The new RESPA rules require the servicer to make a good faith effort to make live contact with a delinquent borrower within 36 days, and send a notice within 45. Assume these requirements are met, and the male borrower is immediately responsive and cooperative with documentation and information requests, as he applies for (and is granted) some help – maybe a payment holiday, rate reduction, or loan modification. The female borrower is just the opposite; she ignores all attempts from the servicer to reach out and eventually is she is foreclosed upon.

The fair lending question: we have similarly-situated borrowers, one of whom received loss mitigation assistance (and stayed in his home), and the other did not and lost her home. What is the only differentiating factor here? Gender, which of course is a prohibited basis under Regulation B.

But wait, you say, the real difference and reason for the dramatically different outcomes was that one borrower was proactive and forthcoming and the other ignored all offers for assistance. How can we help borrowers who ignore every attempt at outreach, no matter the demographic characteristics?

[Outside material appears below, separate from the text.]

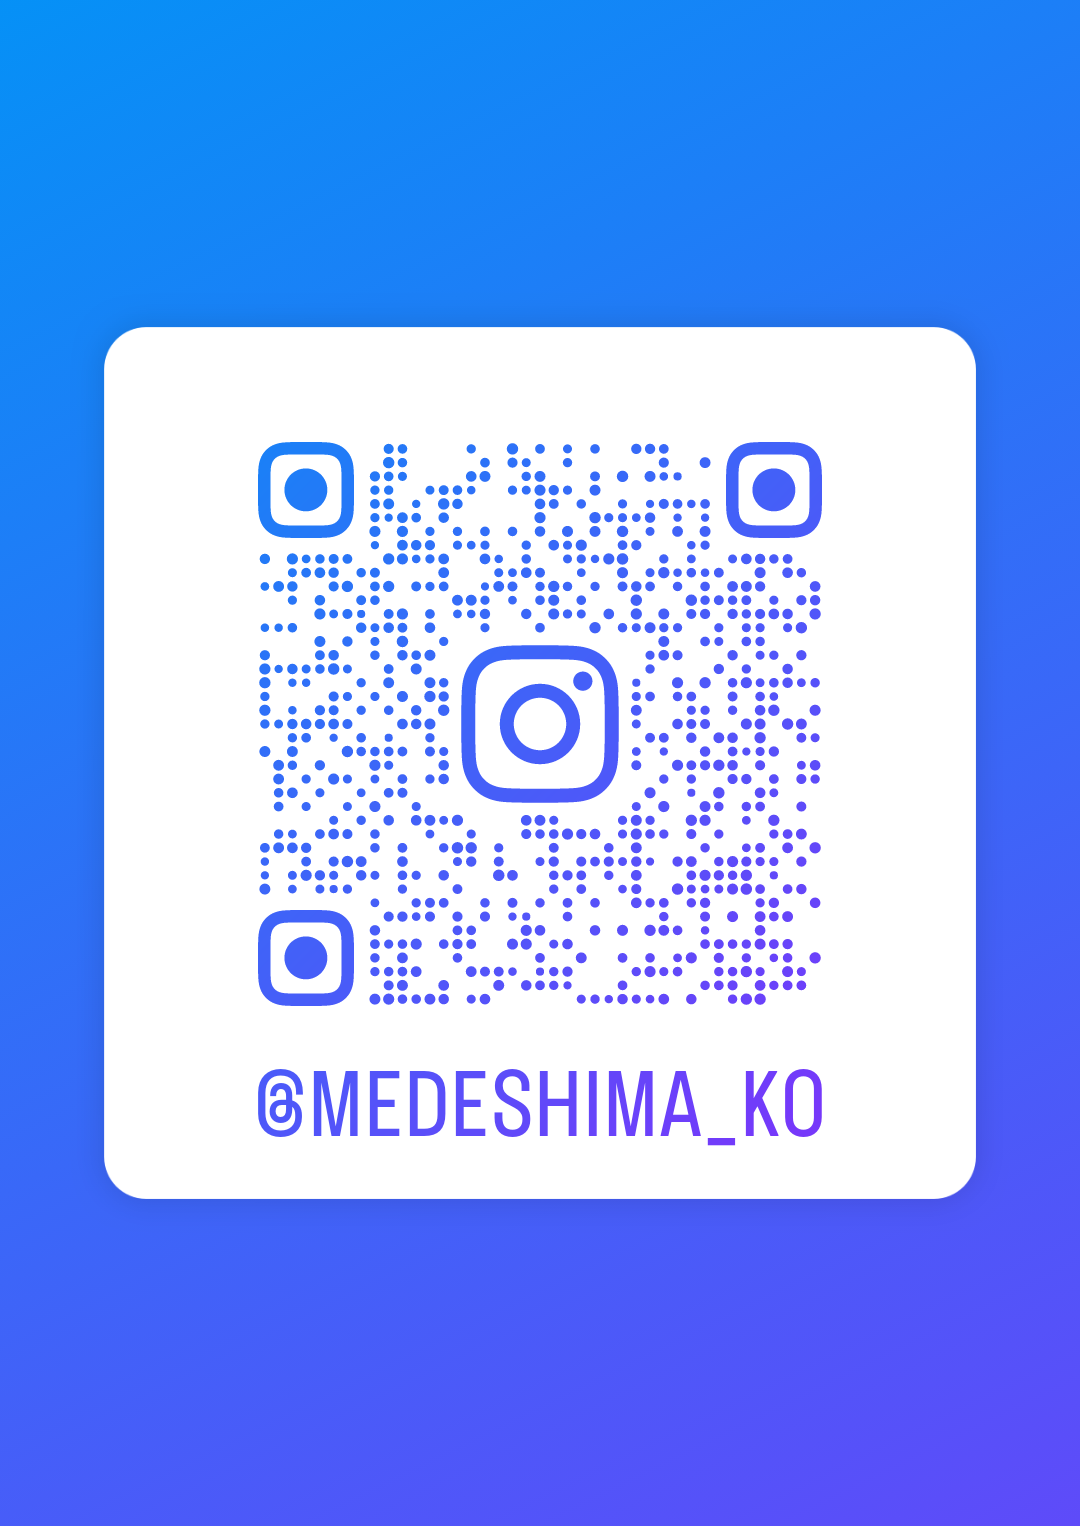 愛島公民館公式Instagramの二次元コードの画像

The real question here is can you prove why this happened? In other words, a look at the two files may show only disclosures and outcomes. Are there conversation logs and records of who responded and who did not? A lesson here is to clearly document how and why outcomes (whatever they are) were reached.

Discretion

A common characteristic of loss mitigation personnel and departments is to allow discretion when employees deal with delinquent borrowers. It’s a sensitive topic: these are borrowers in trouble and looking at potentially losing their homes. Establishing trust and building a relationship between the employee and borrower is critical. Many servicers empower their people to “do what is best for the customer,” which may include crafting individual solutions. This creates situations where the assistance a particular borrower receives (or not) may depend simply on who they’re dealing with at the bank.

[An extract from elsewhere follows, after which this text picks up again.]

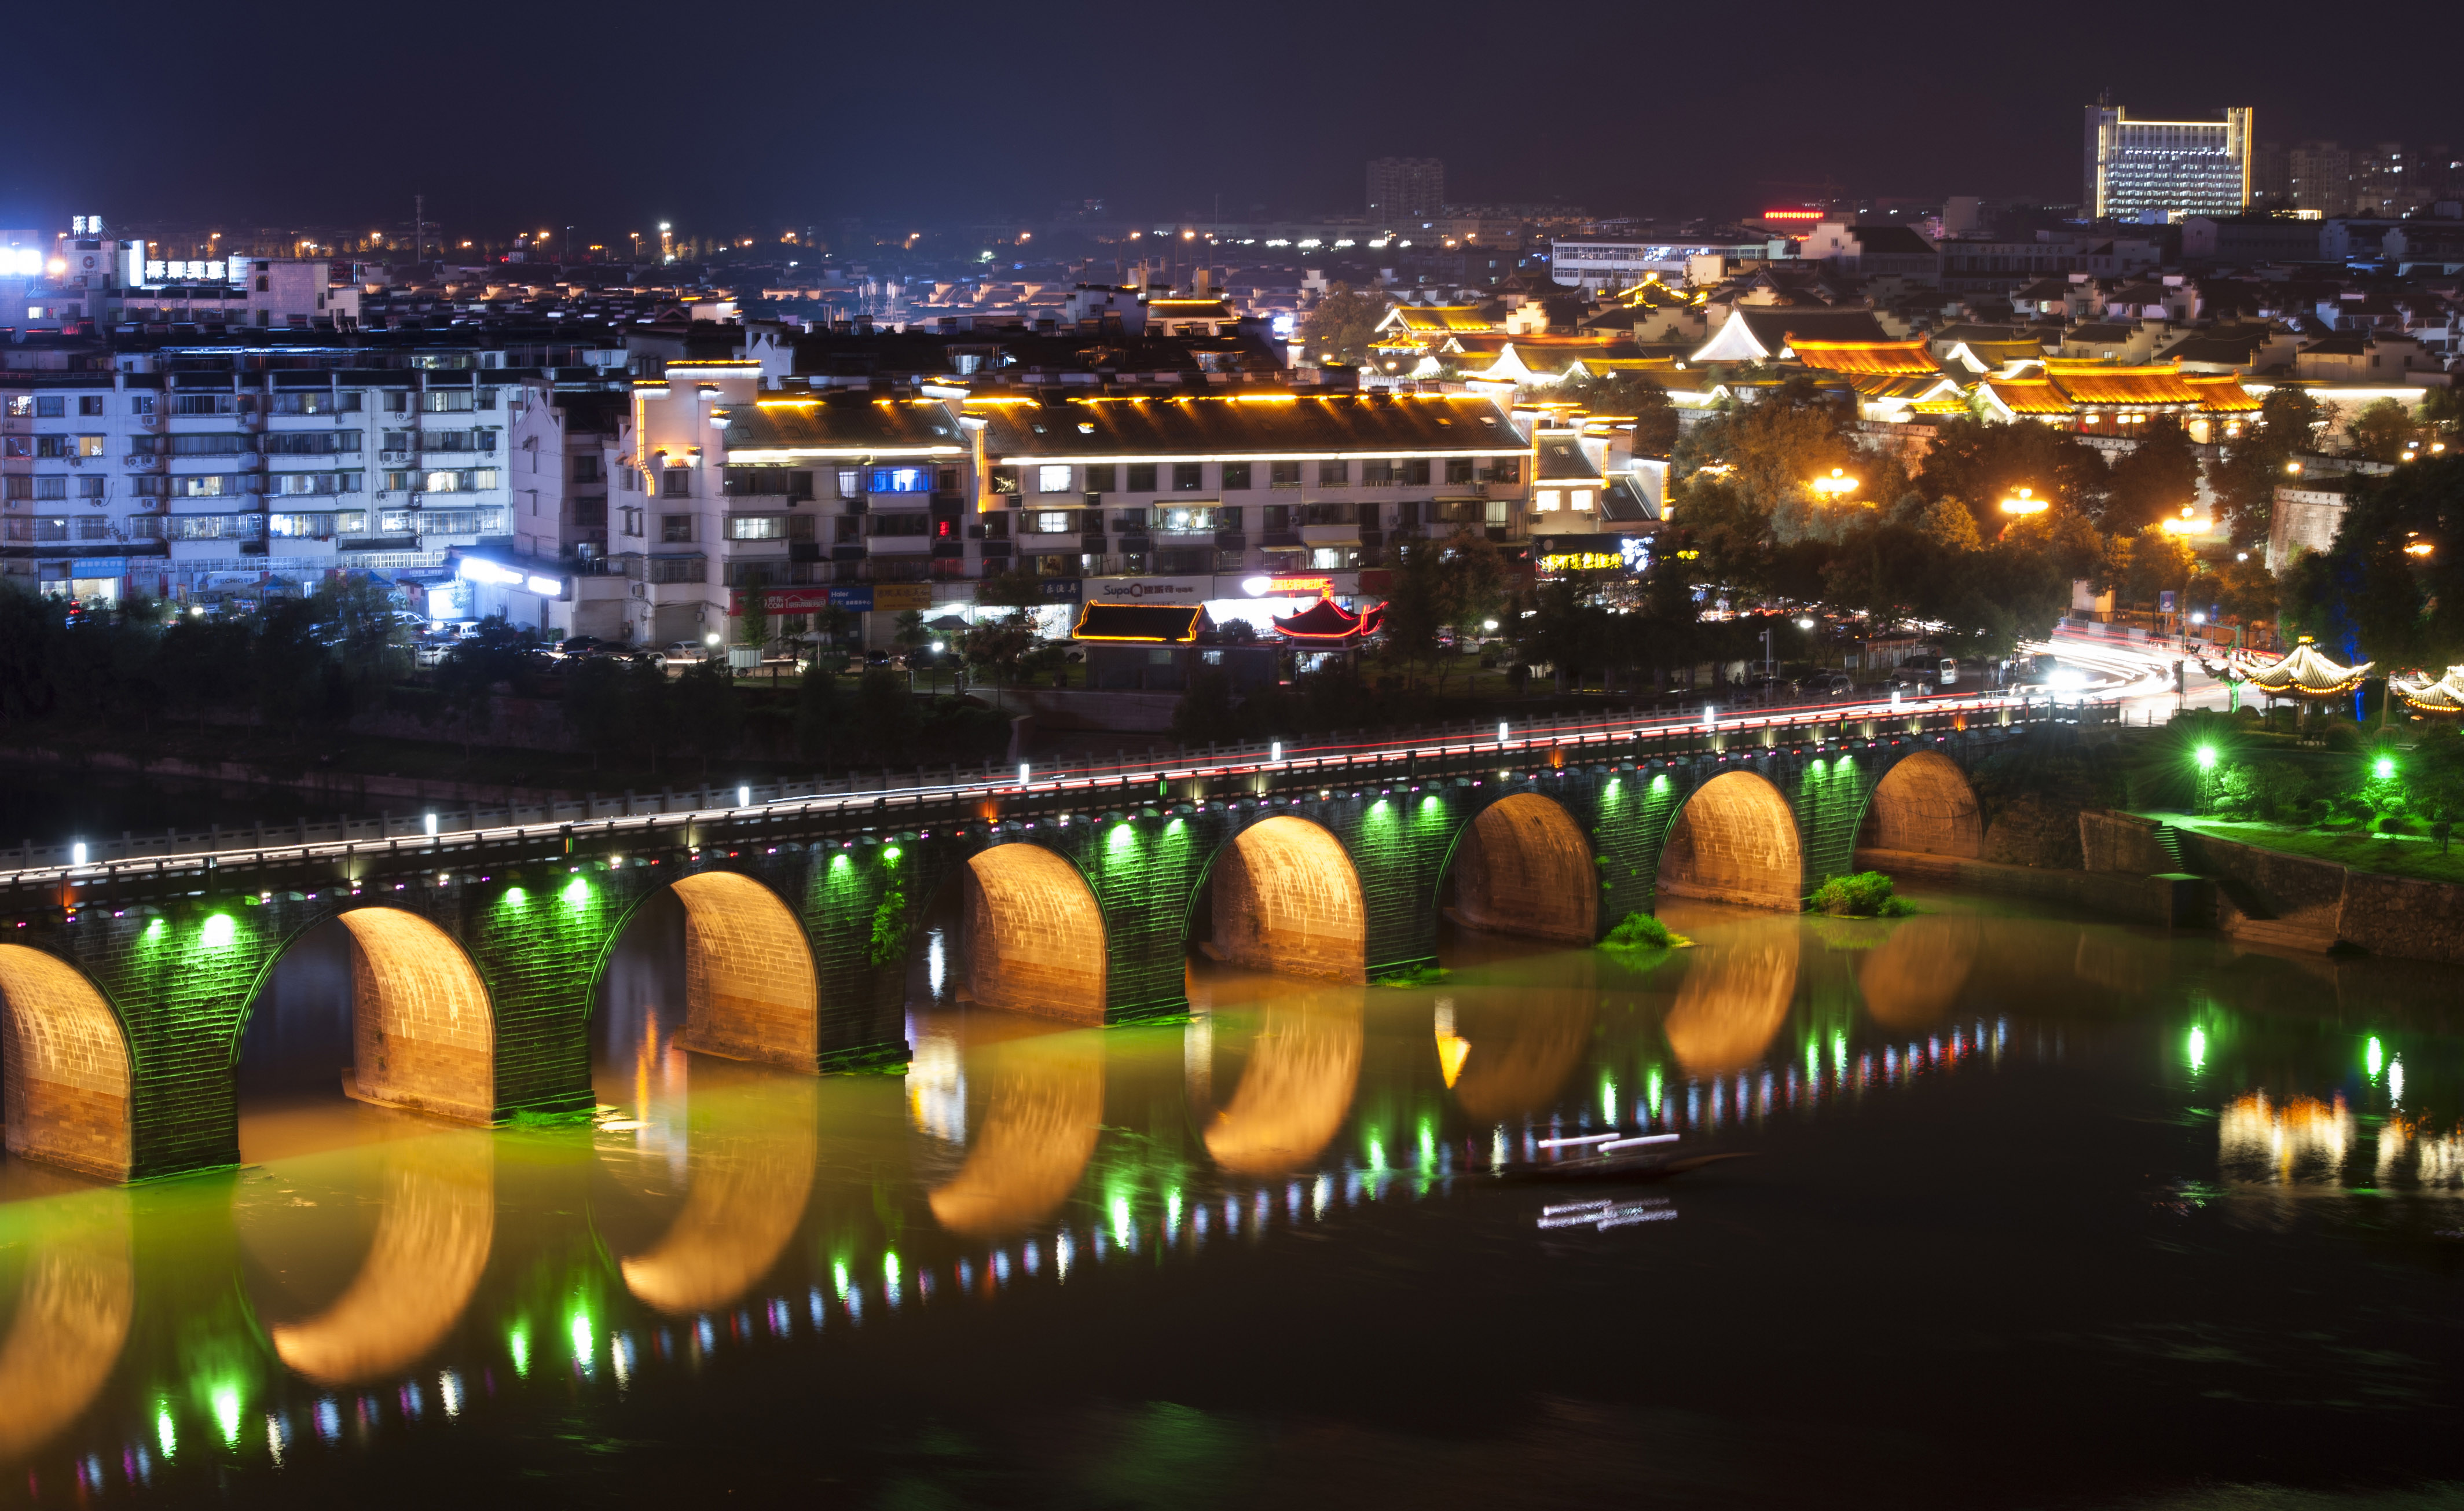 盘点2017年路过你的风景: 安徽歙县古城夜景

As in any other area of lending, discretion creates fair lending risk. This is not to say loss mitigation should be turned into a rigid, standardized process, but controls should be present to ensure that outcomes (as well as treatment – how easy or difficult was it to get to the solution) are monitored to detect disparities on protected bases.

Non-Mortgage Loans Too?

While the RESPA rules have shined a bright light on mortgage servicing, other loan types should not be ignored. How repossession of vehicles and credit card delinquencies, for example, are handled carry fair lending risk as well.

What should be done to monitor? The same types of fair lending analyses (including regression analysis, if appropriate) performed on the origination side can be done on loss mitigation. The biggest obstacle, though, is usually data. Many times appropriate data to analyze is not available since the servicer doesn’t collect it. That’s a matter of working with servicing and loss mitigation personnel to identify and obtain the necessary financial and other information that contributed to how and why decisions are made.

Another issue is the lack of demographic information on any loan that is not HMDA-reportable. In these cases servicers may consider using proxies. Despite questions around the reliability of proxy methodologies, regulators have shown their willingness to utilize them. The issue for servicers to consider is whether they’d prefer doing nothing at all to monitor fair lending risk as opposed to using proxies.

The bottom line is that fair lending compliance applies to the servicing, loss mitigation, and repossession/foreclosure processes just as it does any other aspect of the lending process. Although that’s always been true, closer attention is now being placed here. Fair lending compliance professionals should include appropriate controls, monitoring, and analyses (including statistical models if necessary and appropriate) to ensure that loss mitigation solutions, as well as foreclosures, are addressed fairly and in a nondiscriminatory manner.